日本地球惑星科学連合2016年大会

講演情報

インターナショナルセッション(ポスター発表)

セッション記号 M (領域外・複数領域) » M-IS ジョイント

[M-IS01] Environmental, socio-economic and climatic changes in Northern Eurasia and their feedbacks to the Earth System

2016年5月23日(月) 17:15 〜 18:30 ポスター会場 (国際展示場 6ホール)

コンビーナ:*Groisman Pavel(University Corp. for Atmospheric Research Project Scientist at NOAA National Centers for Environmental Information, Asheville, North Carolina, USA)、Maksyutov Shamil(National Institute for Environmental Studies)、Kukavskaya Elena(VN Sukachev Institute of Forest, Siberian Branch of Russian Academy of Sciences)、Qi Jiaguo(Center for Global Change & Earth Observations, Michigan State University)

17:15 〜 18:30

[MIS01-P02] Soil CO2 efflux rates after wildfires in ecosystems of Central Siberia

*Alexey Panov1Galina Zrazhevskaya1Mikhail Korets1Alexander Bryukhanov1Nikita Sidenko1Anastasya Timokhina1Martin Heimann2 (1.V.N. Sukachev Institute of Forest SB RAS, Krasnoyarsk, Russia、2.Max Planck Institute for Biogeochemistry, Jena, Germany)

キーワード:Wildfire, Siberia, Carbon balance, Soil respiration

Fire is a main disturbance factor in boreal forest ecosystems, which is very important to the ecology of these sensitive forests and plays a central role in carbon cycling. The rapid influence of fire on carbon cycle occurs through the emission of carbon into the atmosphere during biomass burning. Besides this direct influence fire initiates succession and thus regulates patterns of C accumulation through net primary production and also influences the soil thermal and moisture regime, which, in turn, affect patterns of soil respiration.
Since 2006 the Zotino Tall Tower Observatory (ZOTTO; www.zottoproject.org) a research platform for large-scale climatic observations is operational in Central Siberia (60°48’N, 89°21’E). The data of high-frequency trace gas measurements at the tall tower are used in atmospheric inversion studies to infer the distribution of C sinks and sources over central part of Northern Eurasia.

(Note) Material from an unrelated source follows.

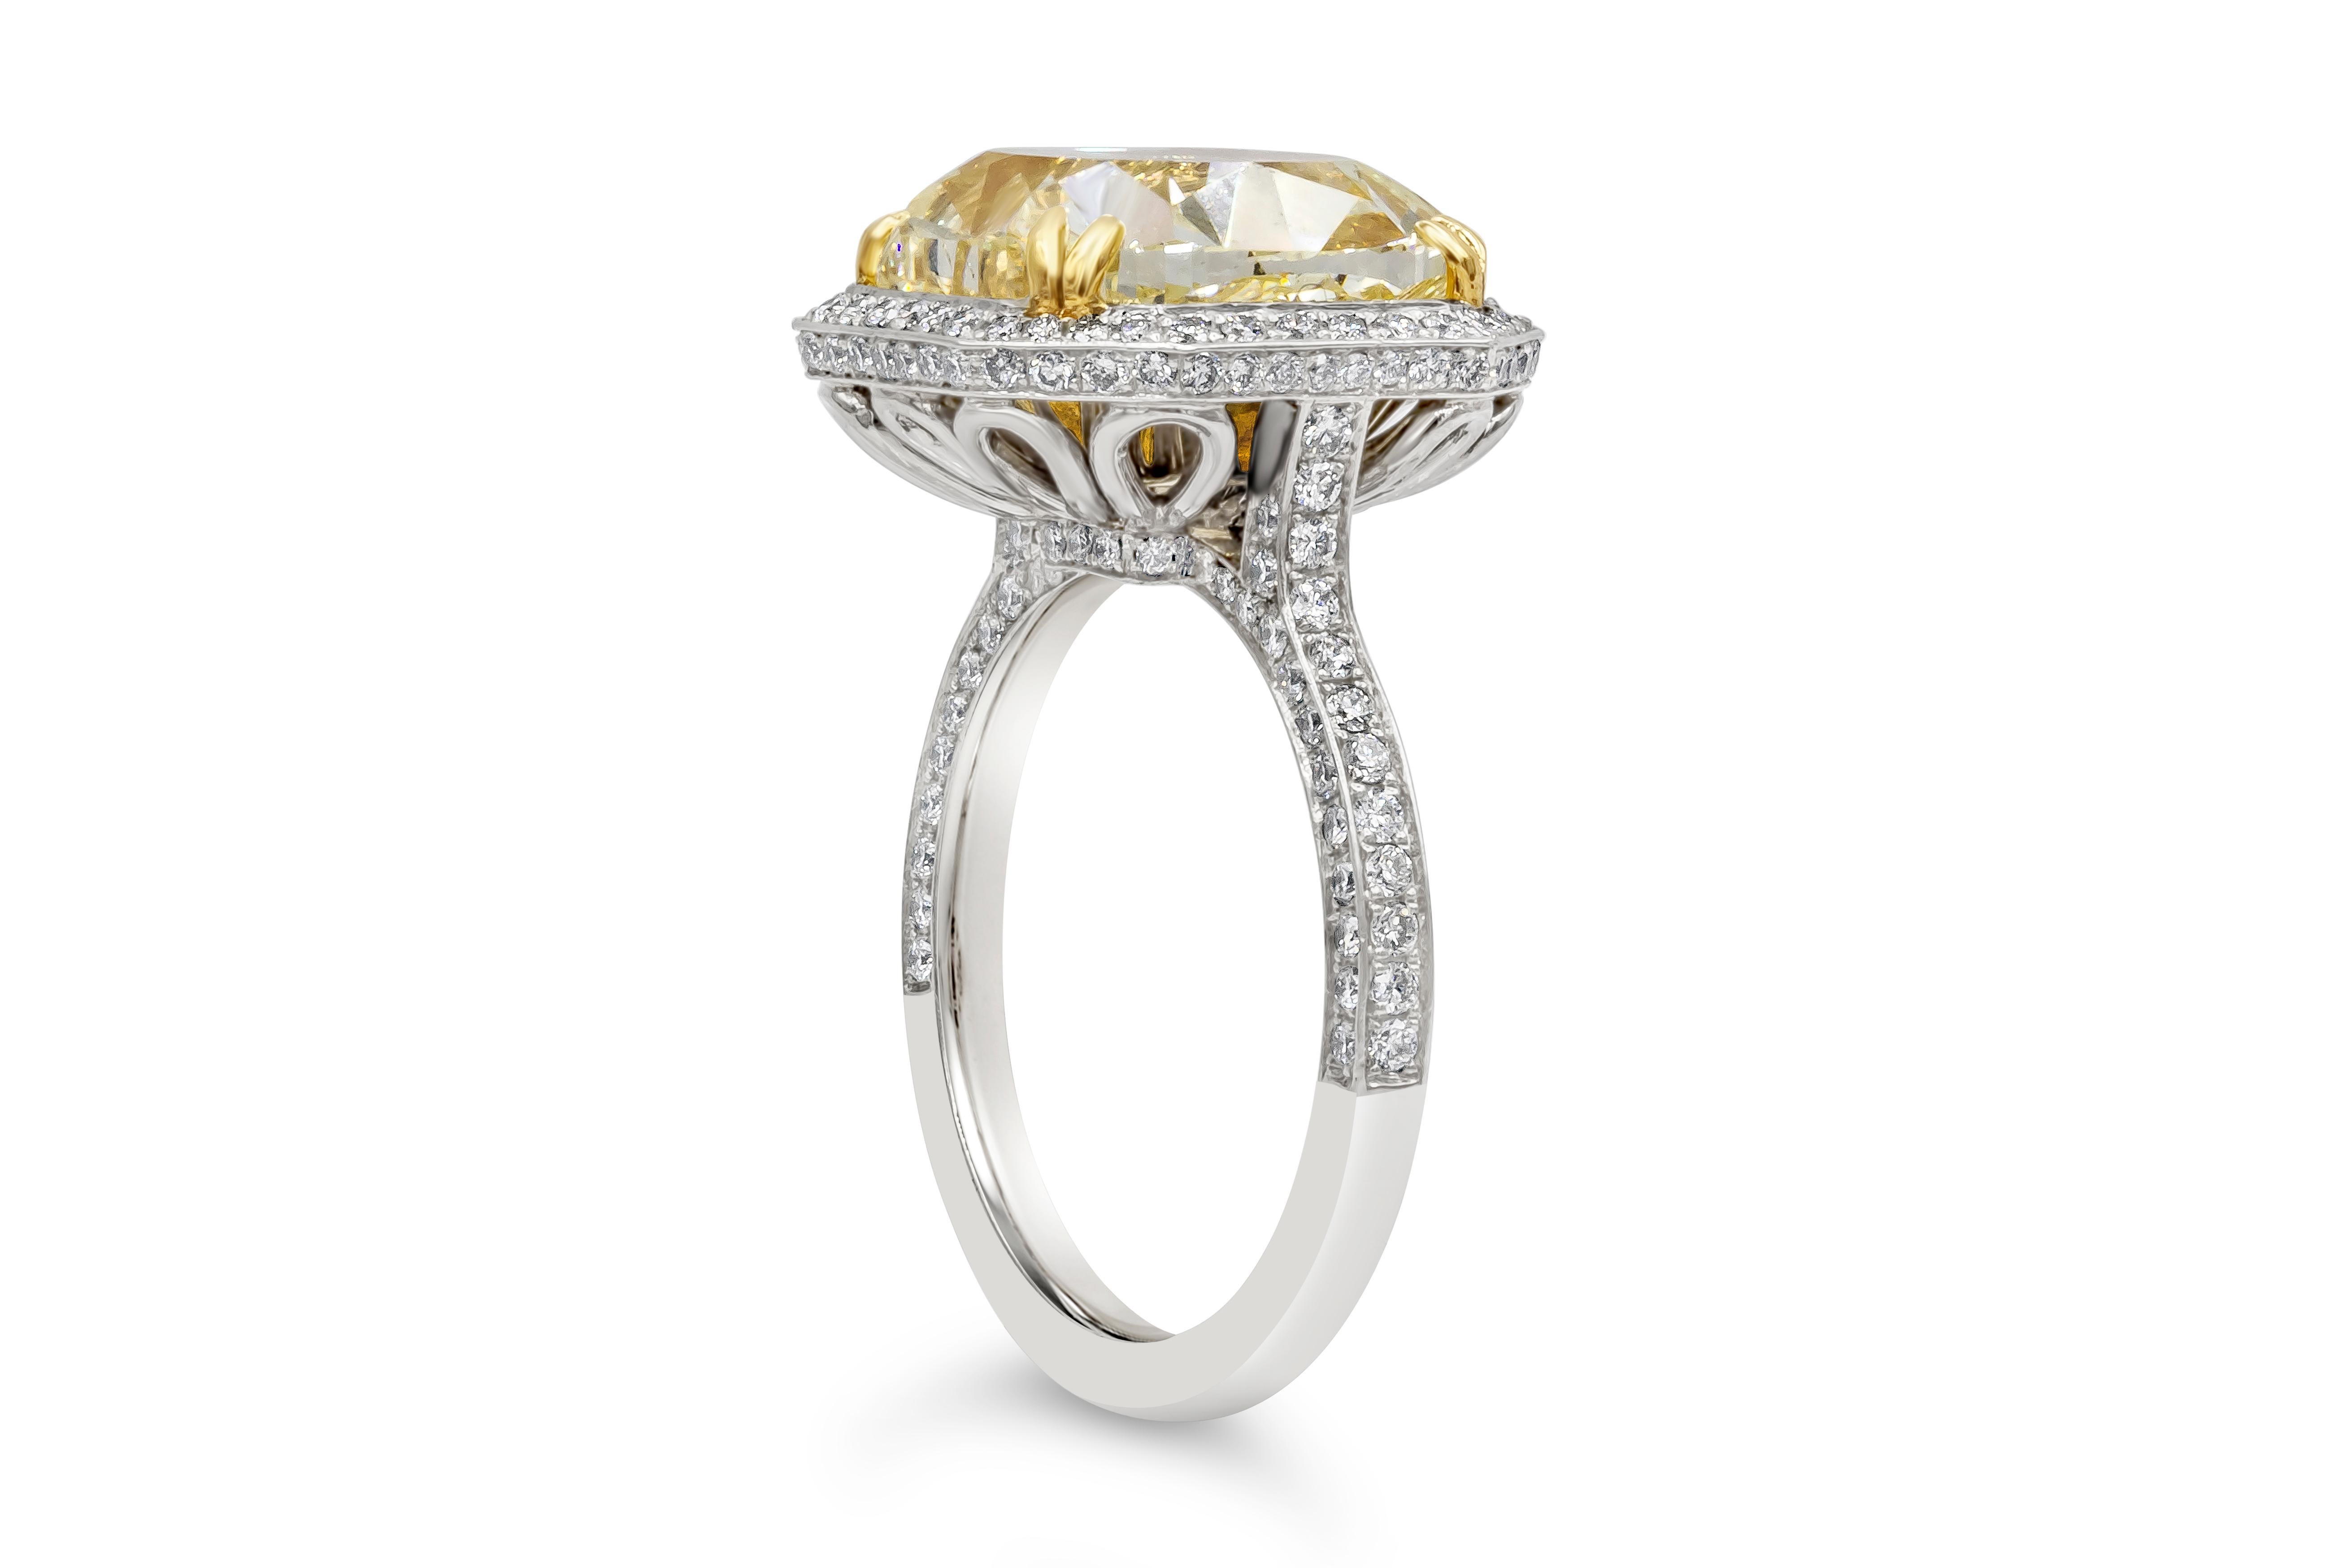 Bague de fiançailles de style halo, riche en couleurs, mettant en valeur une pierre centrale jaune fantaisie certifiée GIA de 7,64 carats de taille coussin, sertie dans un panier à huit branches en or jaune 18k. Entourée d'une rangée de diamants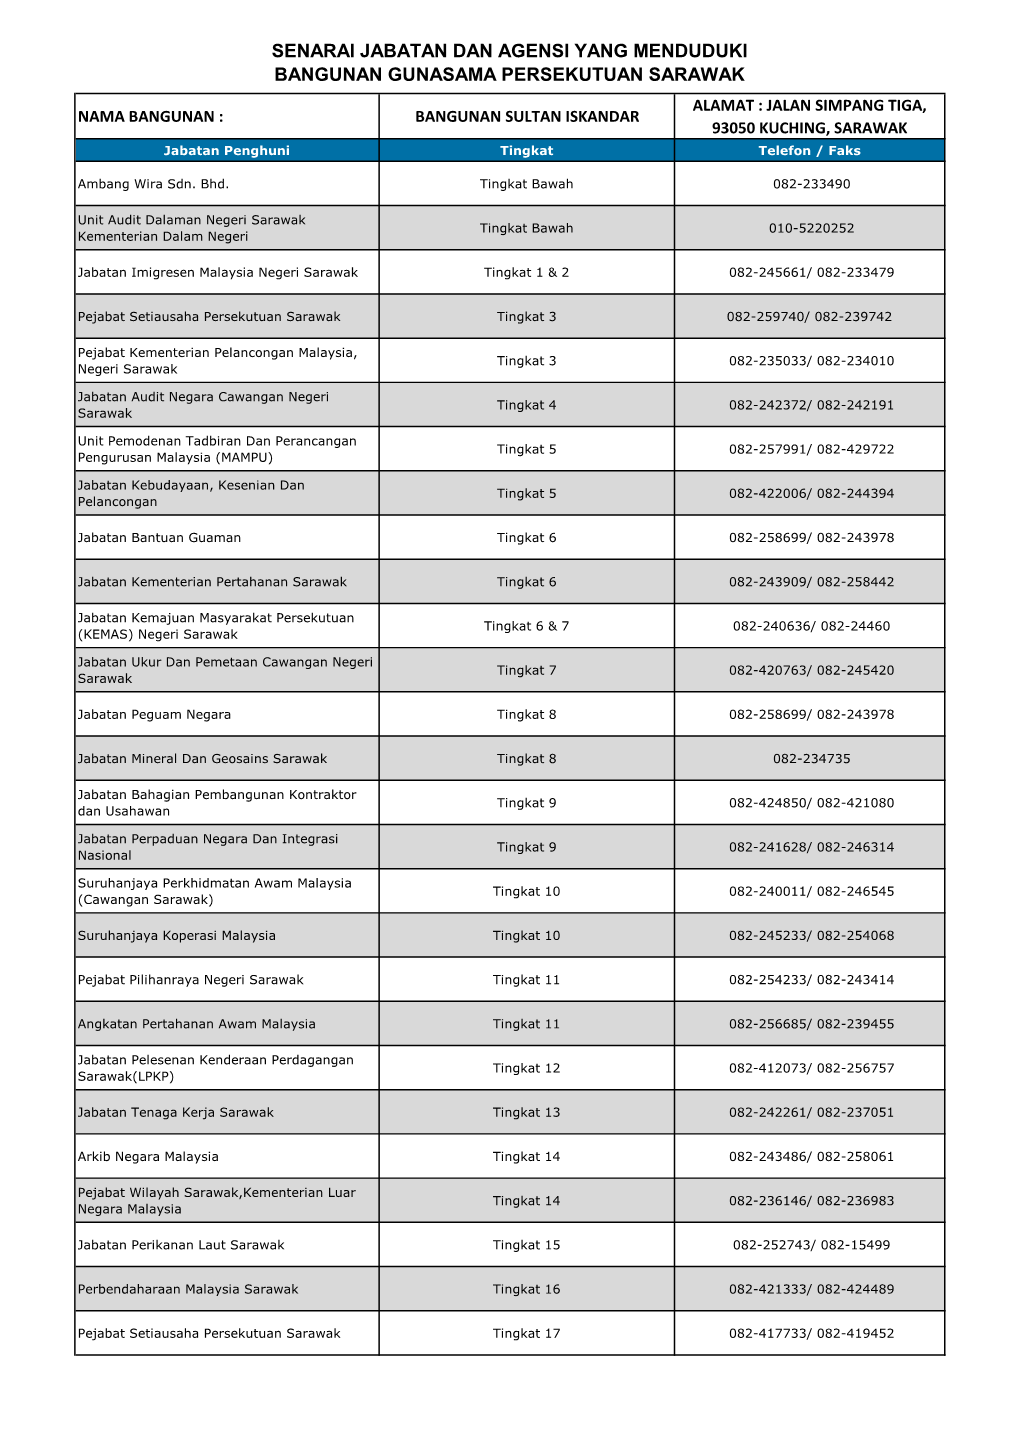 Senarai Jabatan Dan Agensi Yang Menduduki Bangunan Gunasama Persekutuan Sarawak

We present our estimates of carbon release through soil respiration in boreal forest ecosystems of Central Siberia after large-scale fires that occured in 2012 in the tall tower footprint area.
Burned landscapes in the tall tower footprint area were estimated based on Landsat ETM 5,8 satellite images. For selected burned areas a magnitude of ecological change caused by fires (“burn severity”) was measured and mapped with a Normalized Burn Ratio index (dNBR) and further calibrated by a complementary field based Composite Burn Index (CBI). Additionally, values of combustion efficiency (CE) for studied areas were calculated based on the time series of CO/CO2 mixing ratios measured at 300 m a.g.l. in fire plumes while air transport from specific wildfires upwind of the measurement site was traced based on ensembles of 24-hrs backward trajectories from ARL NOAA HYSPLIT model. Active fire spots were detected from Terra/Aqua MODIS satellite data. Field investigations were performed on study plots established after fire in the dominant ecosystems of Central Siberia (lichen pine, moss pine, mixed forest, dark forest and peat bog) where estimations of woody C pools and their mapping were made with a laser-based field instrumentation system. Soil respiration rates were measured within the plots using a dynamic closed chamber method by a portable LI-6400 system.
Within all studied ecosystems soil efflux rates 3 yrs after fire demonstrated 15 - 25% lower values compared to pre-fire conditions. The highest values within ecosystems after fire have been found out in wet and less disturbed dark and mixed forests (up to 3,8). In these ecosystems fires occured mostly in a smoldering phase (CE = 0,92 - 0,93) and a field calibrated dNBR didn’t exceed 25 – 30%. Such fires could cause only a surface mineralization that resulted in soil fertilization after fire and a spread vegetation cover was found within the plots. A linear regression analysis has shown a good correlation (r2=0.91 – 0.98) of soil efflux rates and soil temperature (10 cm depth), which confirms the essential input of autotrophic respiration into a total C flux. In turn the lowest values (≈ 2,5) were typical within the dry pine stands with the highest dNBR (≈ 45%), where CE could reach up to 0,99 demonstrating a prevailing flame phase of fire. Within these plots we found out >80% of dead trees and highly damaged vegetation cover with patches of exposed mineral soil. Decomposition processes in C cycling of such ecosystems are believed to be prevailing. Linear regressions analysis of efflux rates and soil temperature didn’t demonstrate any correlation (r2=0.02), which also suggests a primarily heterotrophic origin of C flux.
This research was supported financially by the Max Planck Society (Germany), project of RSF # 14-24-00113 and RFBR grant # 15-45-04423.